In the few seconds that my back was turned, Sarah seemed to have acquired yet another new and novel point of view. I found the old heroine almost gloating over her master's dreadful handiwork.

"Well, there, I never did see anything so artful! Him at his theatre, to come home and look on at the fire, and me at my concert, safe and sound as if I was at church! Oh, he'd see to that, sir; he wouldn't've done it if he 'adn't've arranged to put me out of 'arm's way. That's Mr. Nettleton, every inch. Not that I say it was a right thing to do, sir, even with the 'ouse empty as it is. But what can you expect when a pore gentleman goes out of 'is 'ead? There's not many would care what 'appened to nobody else! But the artfulness of 'im: in another minute the whole 'ouse might've been blazing like a bonfire! Well, there, you do 'ear of such things, and now we know 'ow they 'appen."

To this extraordinary tune, with many such variations, I was meanwhile making up my mind. The first necessity was to place the intrepid old fool really out of harm's way, and the next was to save the house if possible, but also and at all costs the good name of the Witching Hill Estate. We had had one suicide, and it had not been hushed up quite as successfully as some of us flattered ourselves at the time; one case of gross intemperance, most scandalous while it lasted, and one gang of burglars actually established on the Estate. People were beginning to talk about us as it was; a case of attempted arson, even if the incendiary were proved a criminal lunatic, might be the end of us as a flourishing concern. It is true that I had no stake in the Company whose servant I was; but one does not follow the dullest avocation for three years without taking a certain interest of another kind. At any rate I intended the secret of this locked room to remain as much a secret as I could keep it, and this gave me an immediate leverage over Sarah. Unless she took herself off before her master returned, I assured her I would have him sent, not to an asylum, but to the felon's cell which I described as the proper place for him. I was not so sure in my own mind that I meant him to go to one or the other. But this was the bargain that I proposed to Sarah.

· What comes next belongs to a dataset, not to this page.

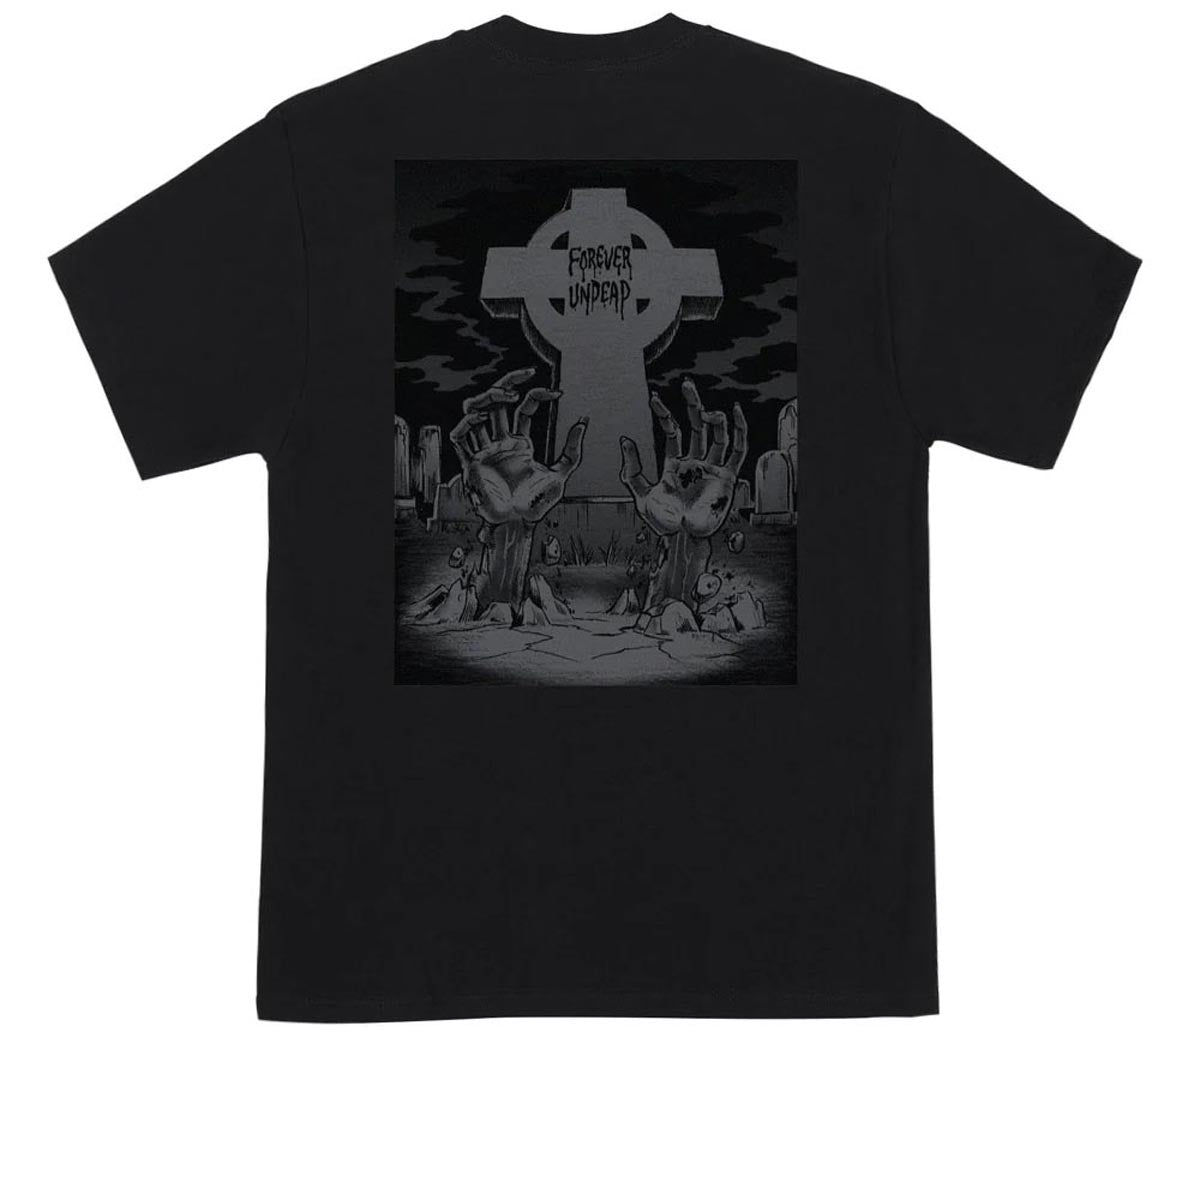 Creature Forever Undead Relic T-Shirt - Black image 1

It came out that she had friends, in the shape of a labouring brother and his wife and family, whom I strongly suspected of having migrated on purpose to keep in touch with Sarah's kitchen, no further away than the Village. I succeeded in packing the old thing off in that direction, after making her lock her door at the top of the house. Previously I had removed the marks of my boot from the extinguished candles, and had left the locked room locked once more and in total darkness. Sarah and I quitted the house together before ten o'clock.

"I'll see that your master doesn't do himself any damage to-night," were my last words to her. "He'll think the candles have been blown out by a draught under the door – which really wouldn't catch them till they burnt quite low – and that you are asleep in your bed at the top of the house. You've left everything as though you were; and that alone, as you yourself have pointed out, is enough to guarantee his not trying it on again to-night. You see, the fire was timed to break out before you left your entertainment, as it would have done if you'd seen the programme through. Tell your people that Mr. Nettleton's away for the night, and you've gone and locked yourself out by mistake. Above all, don't come back, unless you want to give the whole show away; he'd know at once that you'd discovered everything, and even your life wouldn't be safe for another minute. Unless you promise, Sarah, I'll just wait for him myself – with a policeman!"

My reasoning was cogent enough for that simple mind; on the other hand, the word of such an obviously faithful soul was better than the bond of most; and altogether it was with considerable satisfaction that I heard old Sarah trot off into the night, and then myself ran every yard of the way back to the Delavoyes' house.

Up to this point, as I still think, I had done better than many might have done in my place. But for my promise to Uvo, and the fact that he was even then lying waiting for me to redeem it, I would not have rushed to a sick man with my tale. Yet I must say that I was thankful I had no other choice, as matters stood. And I will even own that I had formed no definite plans beyond the point at which Uvo, having heard all, was to give me the benefit of his sound judgment in any definite dilemma.

To my sorrow he took the whole thing in an absolutely different way from any that I had anticipated. He took it terribly to heart. I had entirely forgotten the gist of our conversation before I left him; he had been thinking of nothing else. The thing that I had expected to thrill him to the marrow, that would have done nothing else at any other time, simply harrowed him after what it seemed that I had said three-quarters of an hour before. Whatever I had said was overlaid in my mind, for the moment, by all that I had since seen and heard. But Uvo Delavoye might have been brooding over every syllable.

"You said you wouldn't envy me," he cried, huskily, "if poor old Nettleton fell under the influence in his turn. You spoke as if it was my influence; it isn't, but it may be that I'm a sort of medium for its transmission! Sole agent, eh, Gilly? My God, that's an awful thought, but you gave it me just now and I sha'n't get shot of it in a hurry! None of these beastly things happened before I came here – I, the legitimate son of this infernal soil! I'm the lightning-conductor, I'm the middleman in every deal!"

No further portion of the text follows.